At the University of Kentucky Medical Center, a combination of the vacuum pack dressing described by Barker, the commercially available VAC system (V.A.C.; KCI International, San Antonio, TX) and vicryl mesh closure systems are used. The primary fascial closure rate is approximately 50%. It is not standard practice to take patients to the OR every 3-5 days routinely.
Recently, a new FDA listed system (ABRA by Canica) has been introduced using a progressive tension system as a novel approach to the management of open abdomen. ABRA provides a dynamic reduction of full thickness, severely retracted midline abdominal defects with the goal of maintaining or restoring the primary closure option. This subdermal method uses button anchors and elastomer to gradually pull the wound margins together. Tension can be set and adjusted according to the desired outcome; to stabilize a retracted wound, reduce the wound, close the wound or prevent wound dehiscence (Attachment 1: Company brochure). Currently there is only one published case report of the success of this device. We hope to be the first center to prospectively report a series of patients with open abdomen managed with the new ABRA system. In this study, this system will be used in combination with a standard therapy used in abdominal wound closure at the University of Kentucky Medical Center. This system is called the V.A.C system (V.A.C.; KCI International, San Antonio, Tx). This therapy provides active exudate management and containment, assists in reducing abdominal volume and adds structural stabilization to adipose tissue.

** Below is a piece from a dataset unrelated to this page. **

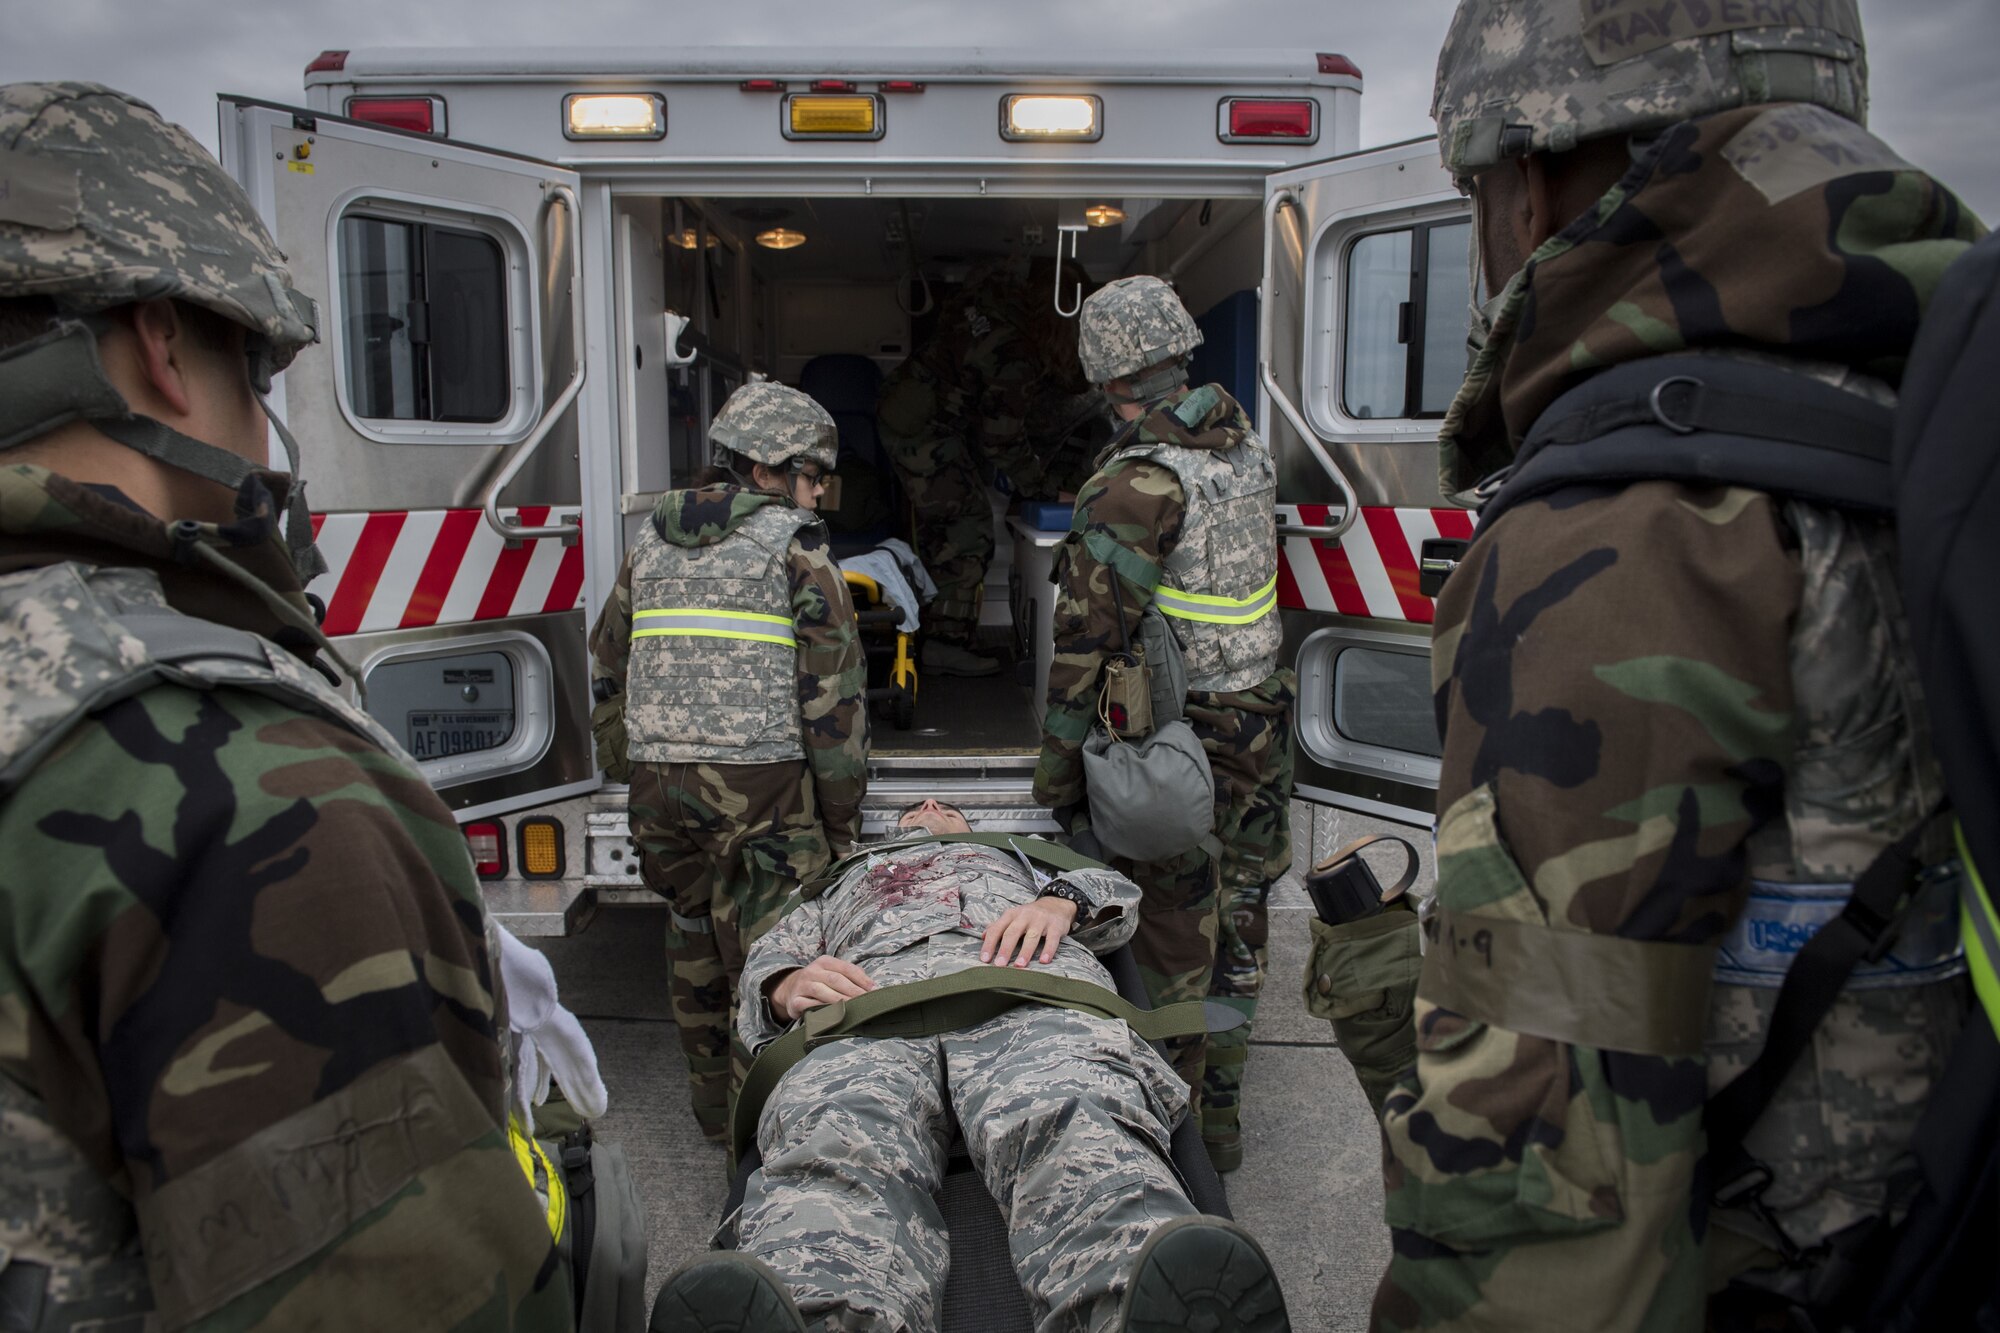 Emergency response crews from the 374th Medical Squadron place a simulated victim in an ambulance during exercise Beverly Morning 17-08 in conjunction with exercise Vigilant Ace 18, Dec. 4, 2017, at Yokota Air Base, Japan.

Although no highly powered study has been done to establish data on performance, individual experiences at several institutions have reached fascial closure rates of higher than 70% using the ABRA device. One institution in Las Vegas, Nevada is using the ABRA device in combination with the VAC system and has experienced 100% closure rate to date with 12 patients. The purpose of this study is to collect information about the ABRA system in combination with the VAC technique at the University of Kentucky Medical Center. It is our belief that using this system will improve the fascial closure rate and thereby produce less chance of hernia and reduce long periods of open abdominal wounds. The objective of the study is to evaluate a novel approach for closure of open abdomen utilizing the Canica ABRA system combined with the K.C.I. VAC System to KCI VAC System alone.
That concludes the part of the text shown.